And, of course, this is about those kind of items and commodities that are finite in the real world but could be infinite in the metaverse. Please, don’t misinterpret me: trying to simulate some aspects of the real world in a videogame can be fun, but, simulating constraints that affect the virtual experience in bad way is not fun. Items like wood, water and so on should be infinite, accessible by any player without having a penny “invested”. While our world is finite, a videogame world isn’t — things shouldn’t be scarce just to generate value to VCs.

At one point, it costed around $700 to start playing Axie Infinity. “Sponsors” paid “scholars” in developing countries to play the game in hopes they recouped what the sponsorship costed them.

The problem with in-game cryptocurrency:

Old but gold.

Now, let’s talk about the problem that to my knowledge, plagues all crypto games: in-game currency.

I’m going to make up a hypothetical scenario here, a scenario that I think it’s very likely to happen if (for some miracle) a crypto game suddenly reached mainstream status overnight.

Let’s say you have a son. He’s 12, and you just bought him a brand new gaming PC. You also bought him DEFI GODS: BLACK BLOCKCHAIN CURSE OF THE HIGH SEVEN FEES and he’s very excited to play it. He’s been playing it for a few days with his friends, and so far so good, but he’s sad that his friends are making fun of him for having a default skin (keep in mind, these are children we’re talking about here, and children are cruel). Your son comes to you, crying, asking for $25 to buy a skin from someone on the marketplace so he isn’t ostracized anymore. You reluctantly agree. You swipe the credit card, are charged with bank fees, gas fees and LP fees (since you’re buying a decentralized token issued by the game developers). Anyhow, your kid now has the equivalent of $25 in $GOLD. A few hours pass, and he tries to buy the skin from the in-game NFT marketplace — to no avail. The price of the skin went up 2x in floor value, so he asks you for more money. You say no, but he’s your kid and you already said yes before, so you might as well go through with it. You buy more $GOLD, and he places an offer on the skin. Turns out, the price of $GOLD halved against USD and the seller is asking for the equivalent of a fixed $50 in $GOLD, so… Your kid asks you for more money.

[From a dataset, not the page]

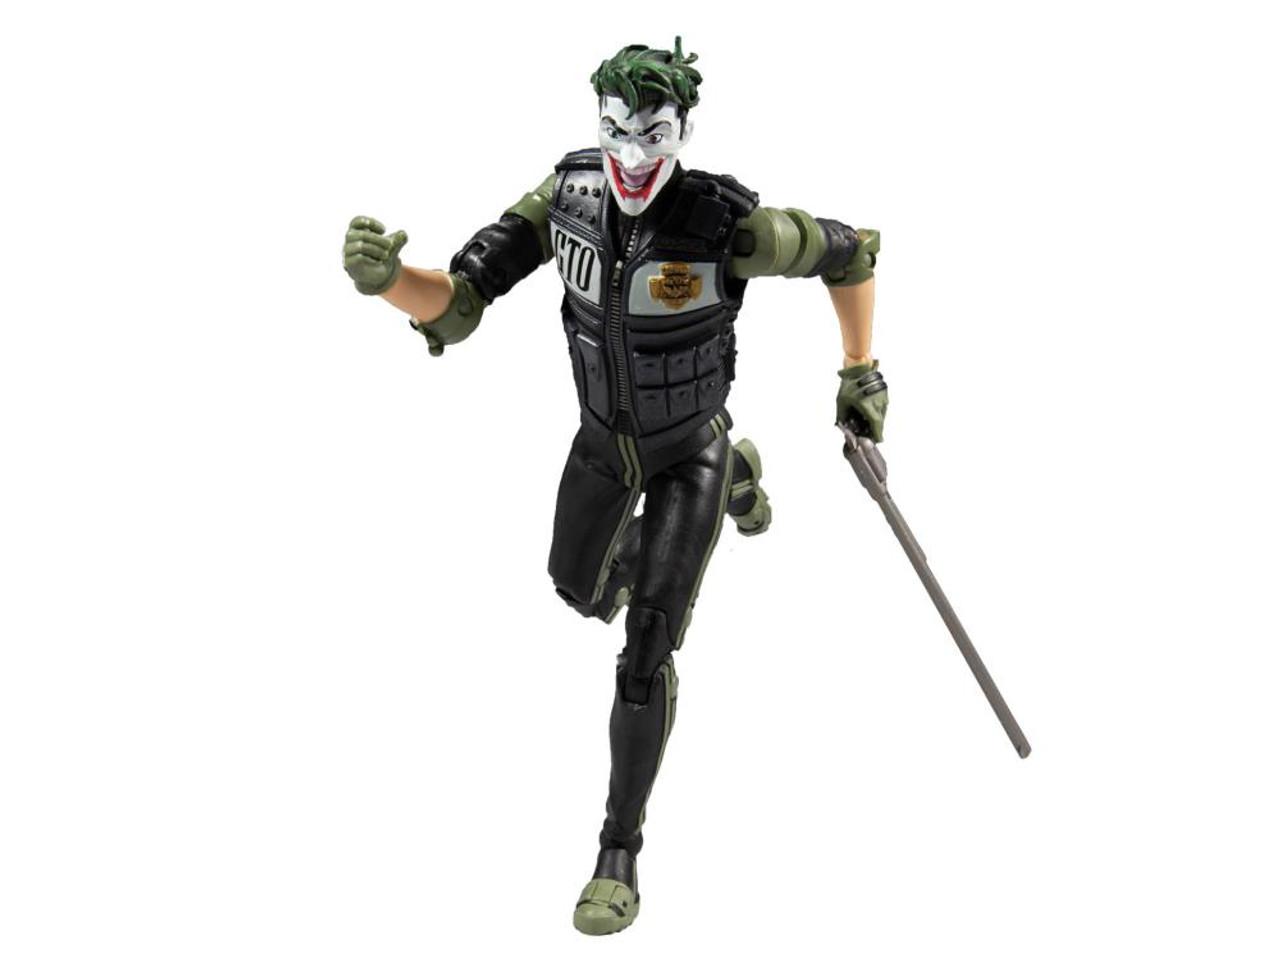 DC Multiverse Batman: The White Knight ~ The Joker (Jack Napier) Action Figure

Do you realize how insane this scenario sounds compared to the normal “swipe your card, have the coins, buy from the store” scenario? Even if the price of the skin doubled in floor value, you should not have to worry about the price of your currency tomorrow against other currencies. Short term volatility is a real problem. A volatile cryptocurrency is not ideal for any economy except for a purely speculative one: Ethereum works in NFT markets because you’re not only speculating with the NFT, you’re also speculating with $ETH. A currency should not be an investment, a currency should be treated as what it is — a currency.

Pricing models: what the gaming industry got right, what the crypto industry did not.

Continuing on the topic of barrier of entry, I believe something that the gaming industry got (kind of) right is pricing models.

Most AAA games are somewhere between $60 to (more recently) $80 on release. These prices have been an industry staple going all the way back to the 90s. Back then, AAA games weren’t as costly to develop as today — they were harder to develop, sure, but not as capital intensive. The tools we have today paired with the ease of access to assets and information make the environment in which videogame devs work much less strenuous than in the 90s. So why, if games are easier to develop than ever, are games costlier? The reason lies in the scope of the projects being done. Nowadays, videogames are bigger, more vibrant and the textures more faithful to the real world than ever before. So, if games are bigger and they take longer to develop, why does a AAA PS5 game on release cost the same as an SNES one? Do the companies that produce them not consider inflation the last 30 years? Well, they do, they just didn’t care about it until it wasn’t financially reasonable to keep releasing AAA titles at $60 (which happened more or less at the beginning of 2023). But, there still was a lot of time between the 90s and today. How did game developers kept profitable margins when the release price of their games relied on an anachronic, arbitrary price? The answer is simple: they started to monetize in-game items. Microtransactions, DLCs and loot boxes.

I want to show two examples of games released by the same publisher that both had the same release price and the same monetization strategy but ultimately one failed miserably and the other is still being sold as the number one game every year: I’m talking about FIFA and Star Wars: Battlefront.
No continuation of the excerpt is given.